Michel Barnier: la protection civile et l’action humanitaire, j’allais dire, partent ensemble. Quand il y a une catastrophe, dans les heures qui suivent, dans l’extrême urgence ou l’urgence, il y a deux réponses. C’est l’action humanitaire qui consiste à apporter des vivres, à titre humanitaire, pour nourrir les gens. Et puis la protection civile, pour soigner, pour réparer, pour faires des recherches quand il y a un temblement de terre et que tous les immeubles se sont effondrés, avoir des gens spécialisés dans ce type d’opération. Donc, il s’agit bien d’agir ensemble et c’est pour ça que, à terme, en 2009, j’ai proposé que, au sein de la Commission, il y ait un seul commissaire chargé de l’action humanitaire, ECHO, et ça marche bien donc il ne faut pas changer, mais associé sous la même autorité personnelle avec la protection civile. Donc, il ne s’agit pas de faire disparaître ECHO qui fonctionne bien mais peut-être de lui donner plus d’ampleur et de l’associer à la réponse en terme de protection civile, sous le label général de Europe Aid.

EuroNews: donc, à terme, c’est la disparition du label ECHO sur les théâtres humanitaires?

Michel Barnier: je ne sais pas si le mot ECHO doit disparaître ou pas. Est-ce qu’il veut dire quelque chose précisément? Dans les pays où nous allons, qu’est-ce que ça veut dire ECHO? Moi, je n’ai pas de problème et ce n’est pas moi qui déciderai si on garde ECHO ou pas. Il me semble que mettre sur des avions le double drapeau, le drapeau autrichien ou finlandais, si l’avion est autrichien ou finlandais, avec le drapeau européen et comme mot et comme appellation générique Europe Aid, c’est en tout cas quelque chose que tout le monde peut comprendre.

EuroNews: comment inscrivez-vous le projet Europe Aid dans le contexte du vieux débat sur le droit d’ingérence humanitaire?

Michel Barnier: je ne veux pas toucher à cette question de l’ingérence qui est en effet très sensible mais qui pose un problème politique. Je me suis attaché à proposer concrètement un dispositif opérationnel pour que les Européens soient plus efficaces dans l’assistance qu’ils apportent à des citoyens européens ou à des peuples qui ont besoin de solidarité.

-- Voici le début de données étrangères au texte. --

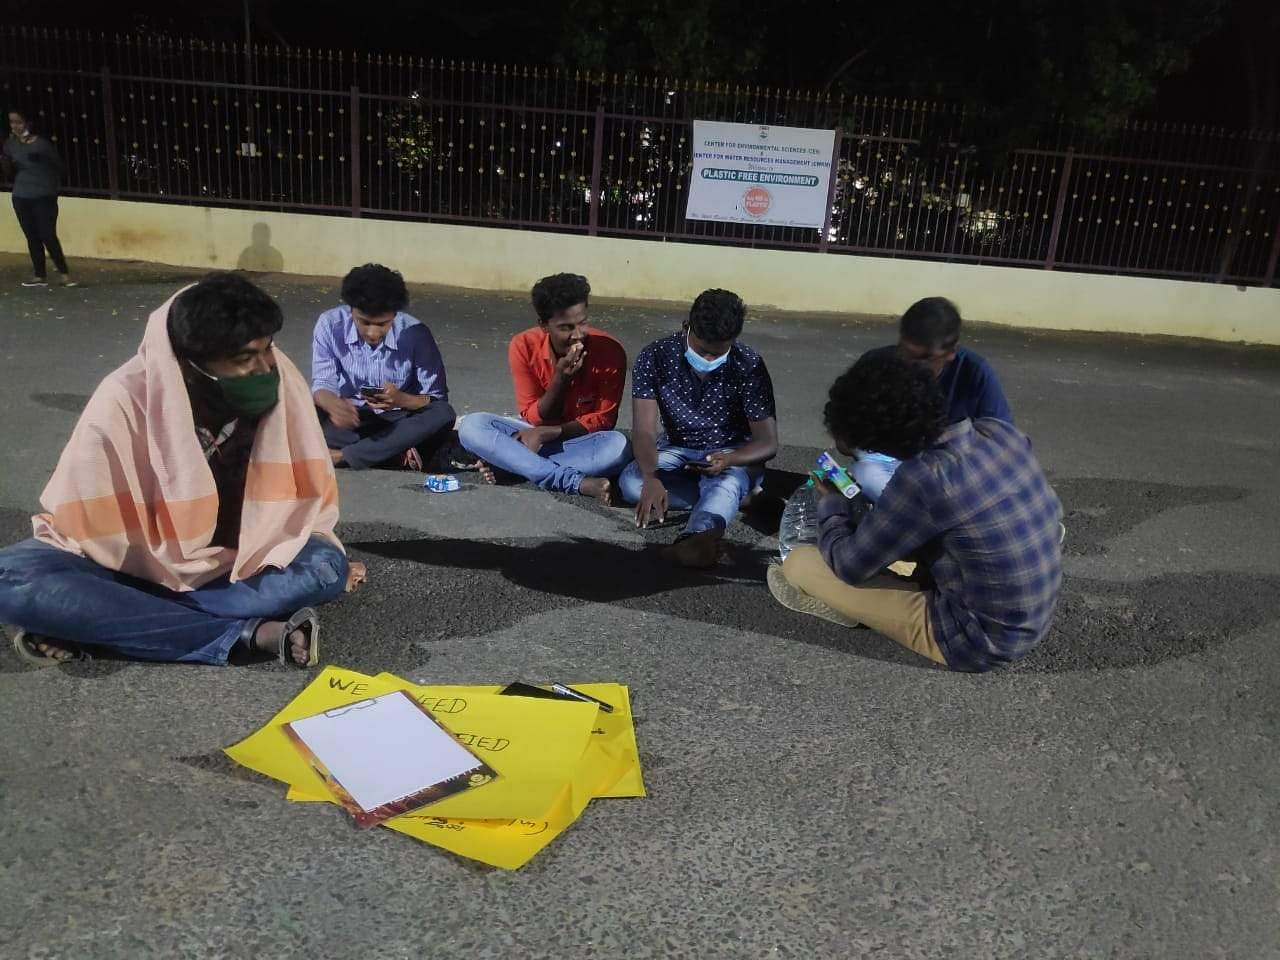 students]

EuroNews: votre rapport sur Europe Aid vous a été demadé par Wolfgang Schüssel et José Manuel Barroso, deux éminents polyglottes. Dans quelle langue comptez-vous présenter votre rapport aux dirigeants des Vingt-Cinq?

Michel Barnier: ce rapport a été traduit au moins dans trois langues de travail qui sont l’anglais, le français et l’allemand. Et puis, il va être traduit si les Institutions le souhaitent. En ce qui me concerne, comme responsable politique français et je l’ai fait comme commissaire pendant cinq ans, ou comme ministre, j’ai l’habitude de m’exprimer en français mais c’est une des langues officielles de l’Union européenne et donc il n’y a pas de problème pour ça.